When someone has a vibrant hair color, people tend to assume it’s a part of their “loud” personality, and that they'll be open to being approached—even if the situation may be completely inappropriate or uncomfortable. After all, as Sable hypothesized, that's probably where the age-old stereotype of redhead women being promiscuous derived.

But the fact that someone’s choice to vibrantly color their hair acts as a beacon for harassment is equal parts disturbing and disheartening. In what world does someone else’s decision to color their hair mean that they want uninvited sex? What sort of logical leaps do you need to make in order to believe that self-expression correlates to "Hey, please harass me?"

“I feel like the people who believe that are the same people who don't buy into things like self-care,” Sable reasons. “Or they think that women still wear makeup for men, and they still don't buy that women dress for themselves and for self-expression. It's like, women have been denied the ability to self-express for so long, so even now, it's still odd that we're in this age where women can dye their hair weird colors.”

Then too, there's another shared factor in our experience: We're both Asian-American. There's been a spate of articles about Asian-American women dyeing and bleaching their hair as a “form of rebellion,” a narrative that Sable and I both resent because it completely erases our agency as women who may just enjoy experimenting with our styles.

“Asians, in general, are genetically so homogenous, so to make such a drastic choice as dyeing your hair blue or red or green is a very physical way of standing out,” Sable said. “But it's funny because it's like, ‘Oh, you can't tokenize Asians anymore, so let's just tokenize this thing they've chosen to do to stand out from being tokenized.’" 

After all, even if the choice to dye your hair is part of a conscious or even subconscious decision to stand out, it’s strange that this narrative has to be attached to Asian women, specifically, who are already fetishized to no end. Sable and I agree that it’s not fun to continually have to explain ourselves, and to assign meaning to spur-of-the-moment decisions rooted in our backgrounds as punk kids, while other ethnic groups don't have to defend their decisions in the same way. 

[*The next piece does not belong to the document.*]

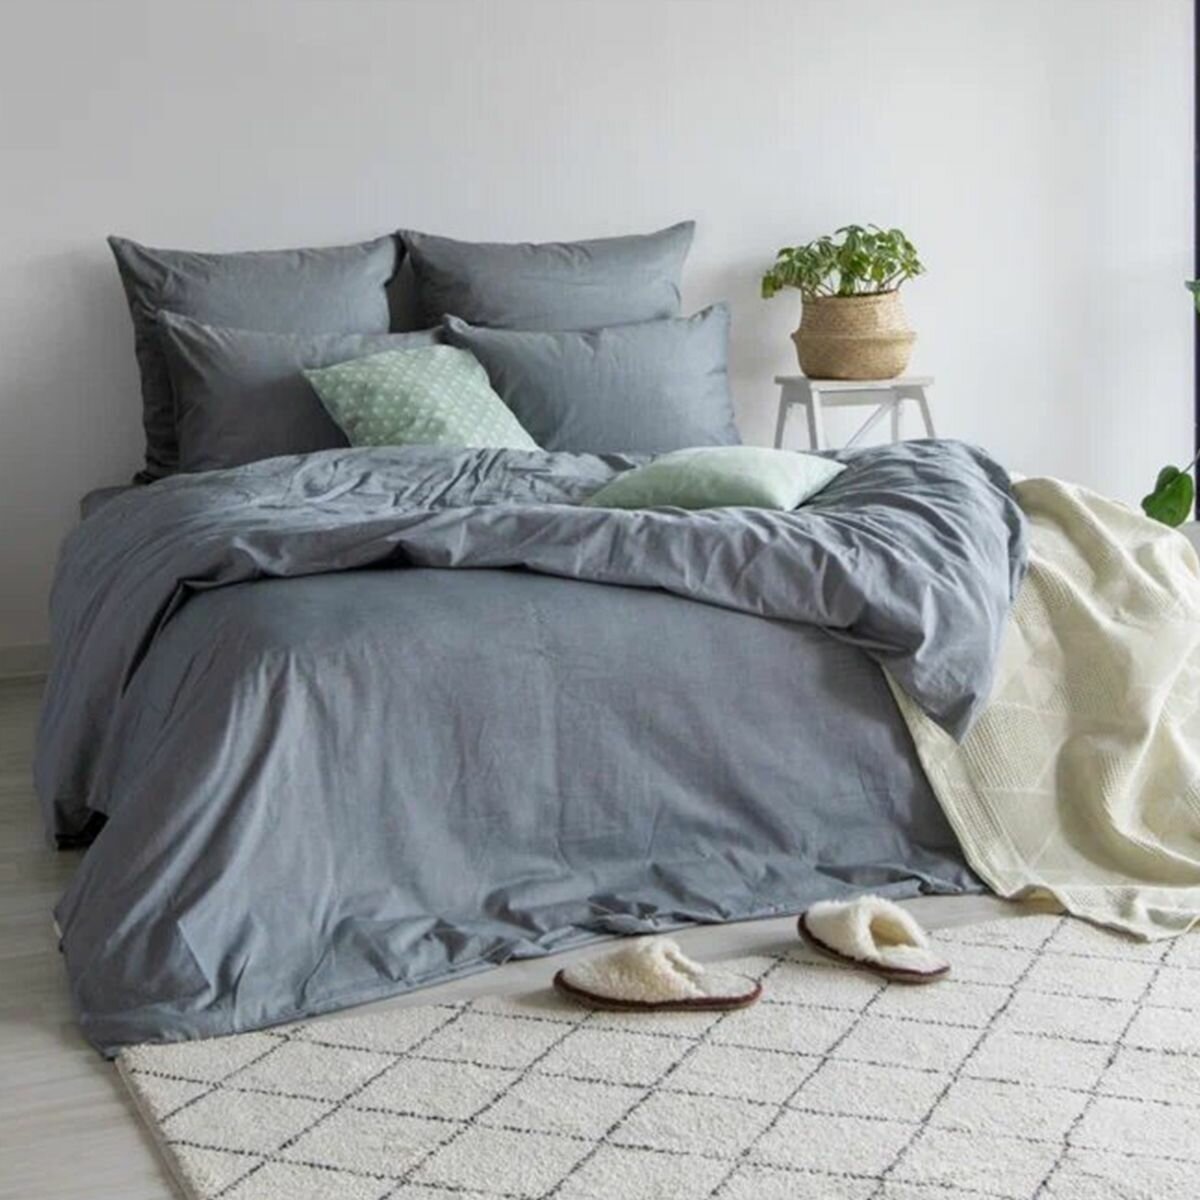 Комплект постельного белья CozyLike 2 спальное с Евро простыней, 50х70, сатин, серый
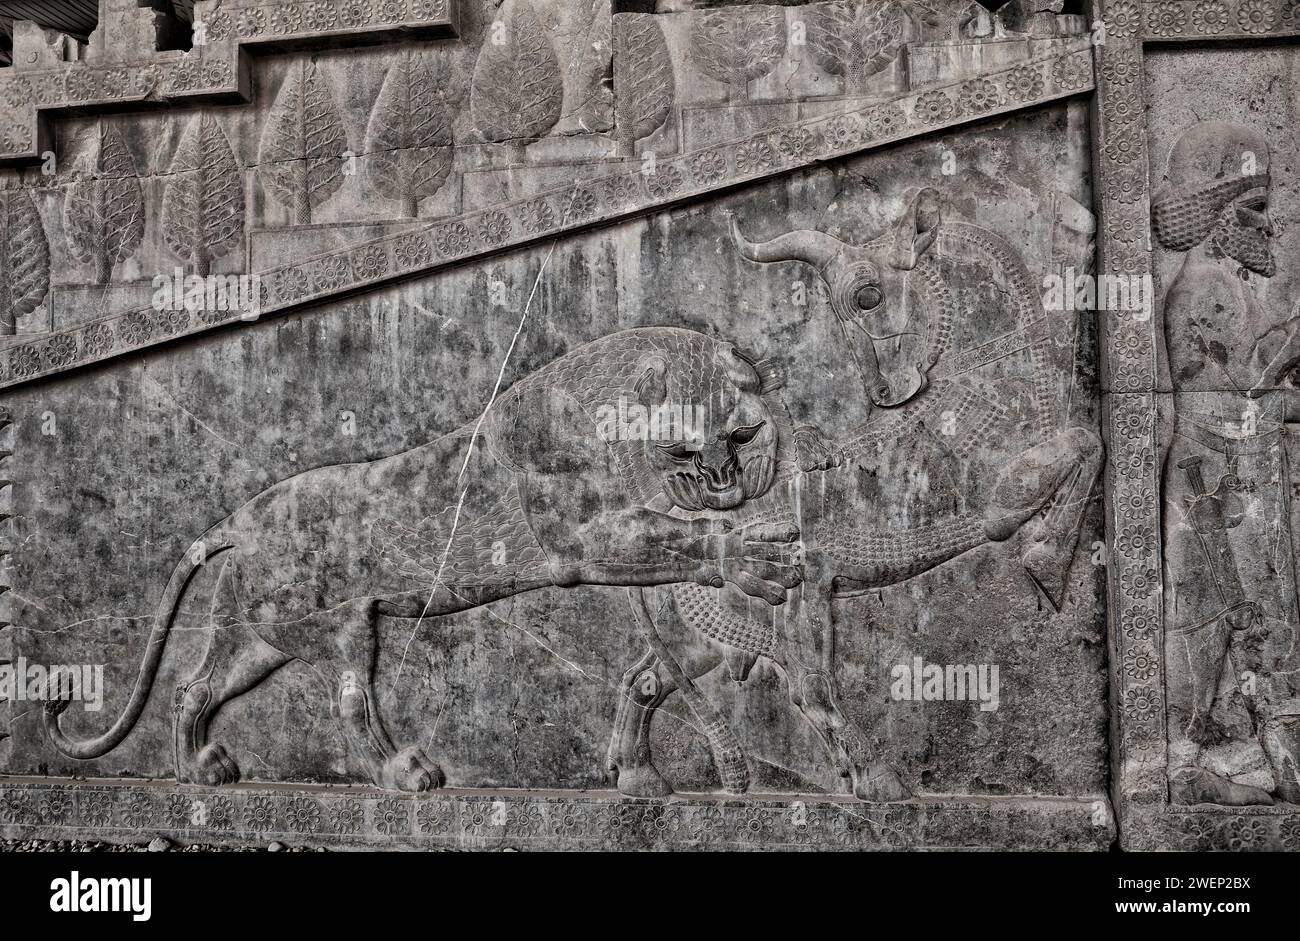 Bas-relief ornant l'escalier du Palais Apadana représente un lion attaquant un taureau, symbole du printemps battant l'hiver. Persépolis, Iran. Banque D'Images

And the constant need to explain to people that what we're feeling and experiencing is real, and extends beyond our hair, and into how we're treated by people in general. As I said to Sable, “I think we're definitely just socialized as women to be like, Am I imagining this?" As if we can't tell when we're being targeted, "like we can’t vocalize these things because it’s too pompous or self-absorbed of us.”

“We're definitely socialized to self-doubt ourselves and to not make a big deal,” Sable concurred. “But it’s real. I don’t think anyone can say it’s not.”